++++ MATERIALS PROVIDED
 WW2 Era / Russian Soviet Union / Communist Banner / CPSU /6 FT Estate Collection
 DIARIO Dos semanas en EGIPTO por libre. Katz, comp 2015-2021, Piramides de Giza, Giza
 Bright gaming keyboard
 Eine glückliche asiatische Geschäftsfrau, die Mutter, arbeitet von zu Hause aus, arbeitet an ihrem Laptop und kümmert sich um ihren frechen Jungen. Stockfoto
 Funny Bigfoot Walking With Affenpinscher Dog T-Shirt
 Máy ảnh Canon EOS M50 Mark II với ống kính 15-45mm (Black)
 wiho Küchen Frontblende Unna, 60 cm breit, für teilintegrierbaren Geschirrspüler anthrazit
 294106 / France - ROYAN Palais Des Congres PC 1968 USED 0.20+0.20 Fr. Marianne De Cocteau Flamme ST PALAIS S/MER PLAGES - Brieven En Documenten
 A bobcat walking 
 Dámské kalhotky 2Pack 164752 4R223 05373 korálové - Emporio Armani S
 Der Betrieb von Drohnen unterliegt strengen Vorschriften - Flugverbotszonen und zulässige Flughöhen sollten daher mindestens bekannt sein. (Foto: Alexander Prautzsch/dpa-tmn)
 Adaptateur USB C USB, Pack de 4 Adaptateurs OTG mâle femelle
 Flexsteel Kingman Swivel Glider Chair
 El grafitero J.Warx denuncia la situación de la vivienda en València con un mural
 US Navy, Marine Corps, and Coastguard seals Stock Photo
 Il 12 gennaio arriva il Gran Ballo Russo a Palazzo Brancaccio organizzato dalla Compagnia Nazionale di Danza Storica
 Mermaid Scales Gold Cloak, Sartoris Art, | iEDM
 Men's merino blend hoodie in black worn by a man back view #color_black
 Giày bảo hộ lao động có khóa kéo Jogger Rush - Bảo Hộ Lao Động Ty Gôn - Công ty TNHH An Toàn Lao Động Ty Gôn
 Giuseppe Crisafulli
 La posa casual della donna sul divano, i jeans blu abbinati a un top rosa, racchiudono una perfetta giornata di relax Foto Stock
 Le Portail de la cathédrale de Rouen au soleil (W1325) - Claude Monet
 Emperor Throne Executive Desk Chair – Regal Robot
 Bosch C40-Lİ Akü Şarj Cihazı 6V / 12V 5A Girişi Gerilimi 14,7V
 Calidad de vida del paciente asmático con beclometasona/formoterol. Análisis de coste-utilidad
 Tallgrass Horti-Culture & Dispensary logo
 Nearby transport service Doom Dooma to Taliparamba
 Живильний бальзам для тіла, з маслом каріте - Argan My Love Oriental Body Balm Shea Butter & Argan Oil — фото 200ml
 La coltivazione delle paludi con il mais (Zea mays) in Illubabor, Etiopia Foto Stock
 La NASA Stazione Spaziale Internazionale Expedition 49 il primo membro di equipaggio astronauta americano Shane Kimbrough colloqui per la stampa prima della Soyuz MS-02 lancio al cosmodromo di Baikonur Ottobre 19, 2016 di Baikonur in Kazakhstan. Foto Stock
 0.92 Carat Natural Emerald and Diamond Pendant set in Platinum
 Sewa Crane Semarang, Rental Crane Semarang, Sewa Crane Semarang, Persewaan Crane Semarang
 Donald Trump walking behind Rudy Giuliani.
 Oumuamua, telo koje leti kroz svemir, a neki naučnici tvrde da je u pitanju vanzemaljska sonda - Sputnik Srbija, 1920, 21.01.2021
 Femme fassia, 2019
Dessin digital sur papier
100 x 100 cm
++++++++
Print precisely the lines from the one with "Donald Trump walking behind Rudy Giuliani." through the end of the data above, adding nothing.

**REPLY TO THE TASK**
 Donald Trump walking behind Rudy Giuliani.
 Oumuamua, telo koje leti kroz svemir, a neki naučnici tvrde da je u pitanju vanzemaljska sonda - Sputnik Srbija, 1920, 21.01.2021
 Femme fassia, 2019
Dessin digital sur papier
100 x 100 cm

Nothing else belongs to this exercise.